Chancen und Risiken- Die österreichische Bevölkerung ist so vielfältig wie nie zuvor.

Noch nie lebten so viele Menschen mit unterschiedlichem kulturellem, religiösem und sprachlichem Hintergrund in diesem Land zusammen. Diese Realität spiegelt sich auch in den Arztpraxen und Spitälern wieder. Doch was bedeutet das für uns, die wir in diesem Bereich arbeiten? Brauchen Menschen mit anderen kulturellen Wurzeln eine Sonderbehandlung? Sollten wir nicht alle Patientinnen und Patienten gleich behandeln? Wie sollen wir mit dieser kulturellen Vielfalt umgehen?

Gerade Menschen mit Migrationshintergrund sind in unserer Gesellschaft massiv benachteiligt. Der gutgebildete, wohlhabende Diplomatensprössling ist die Ausnahme, nicht die Regel. So arbeiten besonders viele Männer und Frauen mit Migrationshintergrund in Jobs, in denen sie schwere körperliche und gesundheitsschädliche Arbeiten verrichten und in welchen die Unfallgefahr besonders hoch ist. Stressbelastung durch Schicht- und Nachtarbeit und eine aufgrund der geringen Entlohnung schlechten Wohnsituation sind weitere Einflüsse, die sich negativ auf die Gesundheit auswirken. Doch auch psychische Faktoren spielen eine gewichtige Rolle: Gerade Flüchtlingen leiden oft unter traumatischen Erlebnissen die sie in ihrem Herkunftsland oder auf der Flucht gemacht haben. Dazu kommen psychische Belastungen, etwa durch Unsicherheit bezüglich ihres Aufenthaltstitels oder durch diskriminierende Alltagserfahrungen.
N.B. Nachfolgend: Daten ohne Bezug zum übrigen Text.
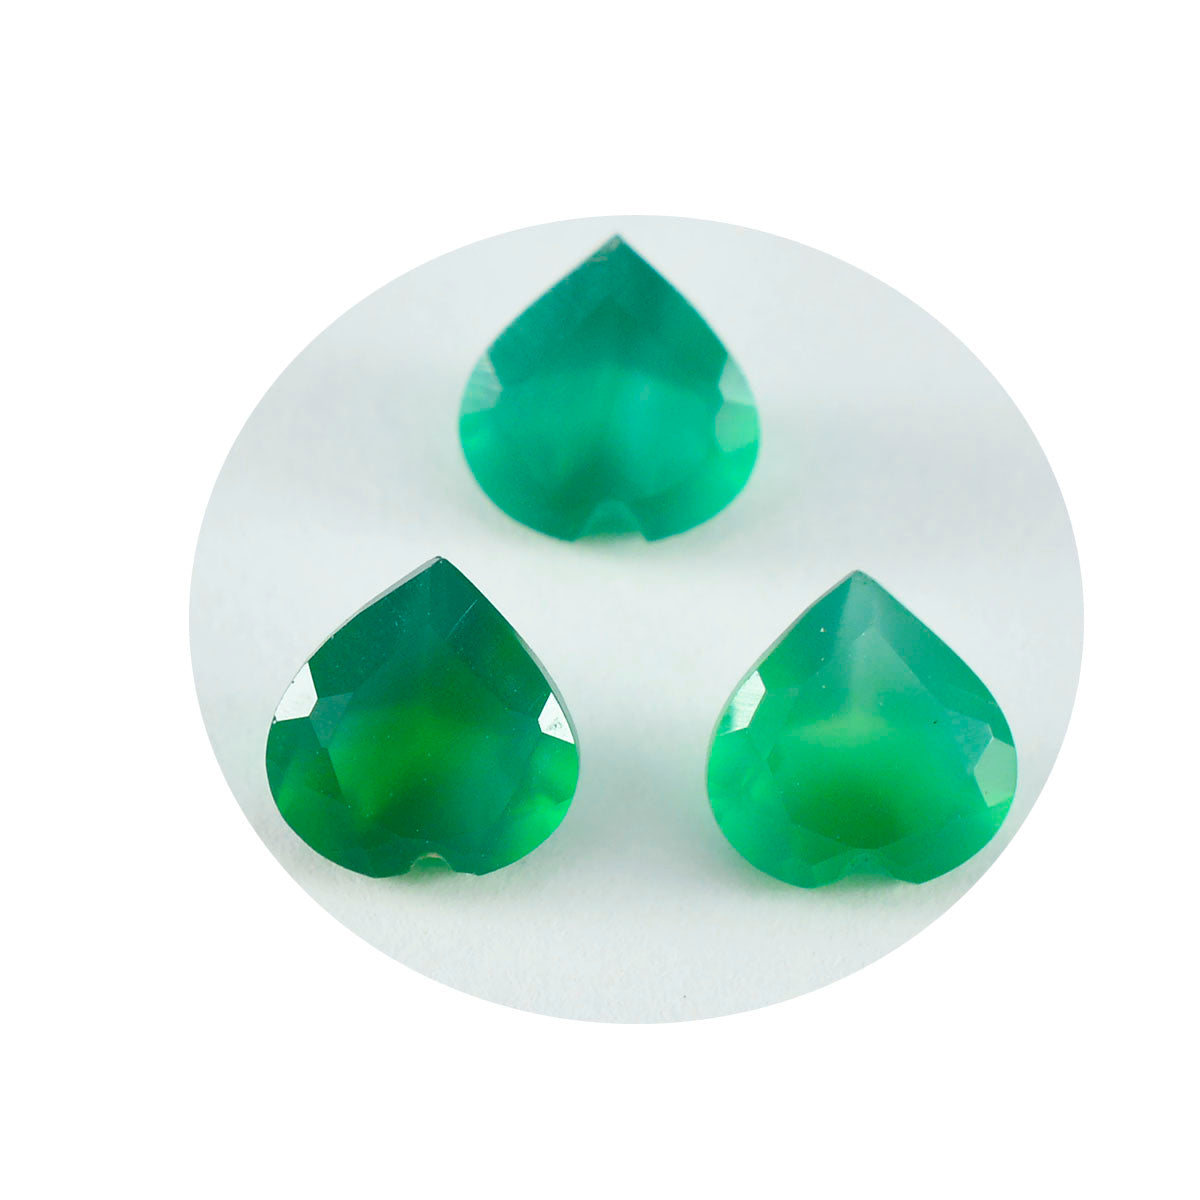 Riyogems 1PC echte groene onyx gefacetteerde 7x7 mm hartvorm knappe kwaliteitsedelstenen

Begeben sich diese Menschen nun in medizinische Obhut, um die gesundheitlichen Folgen dieser Belastungen behandeln zu lassen, ist die Benachteiligung noch keineswegs beendet. So verweist etwa das US-amerikanische Institute of Medicine of the National Academies darauf, dass der kulturelle Hintergrund und die Sprache sich massiv auf die Betreuungsqualität von Patientinnen  und Patienten auswirkt. Denn haben diese eine andere kulturelle Herkunft und sprechen eine andere Sprache als ihre medizinischen Betreuerinnen und Betreuer, erhalten sie weniger empathische Zuwendung, seltener ausreichende Informationen und werden seltener zu Kontrollen geladen oder in die medizinische Entscheidungsfindung einbezogen. Zudem erhalten sie häufiger nur eine unzureichende Schmerztherapie. Das führt wiederum dazu, dass diese Patientinnen und Patienten vermehrt Termine nicht einhalten, und eine geringere Therapietreue aufweisen. All dies hat erhebliche negative Auswirkungen auf die Gesundheit dieser Menschen.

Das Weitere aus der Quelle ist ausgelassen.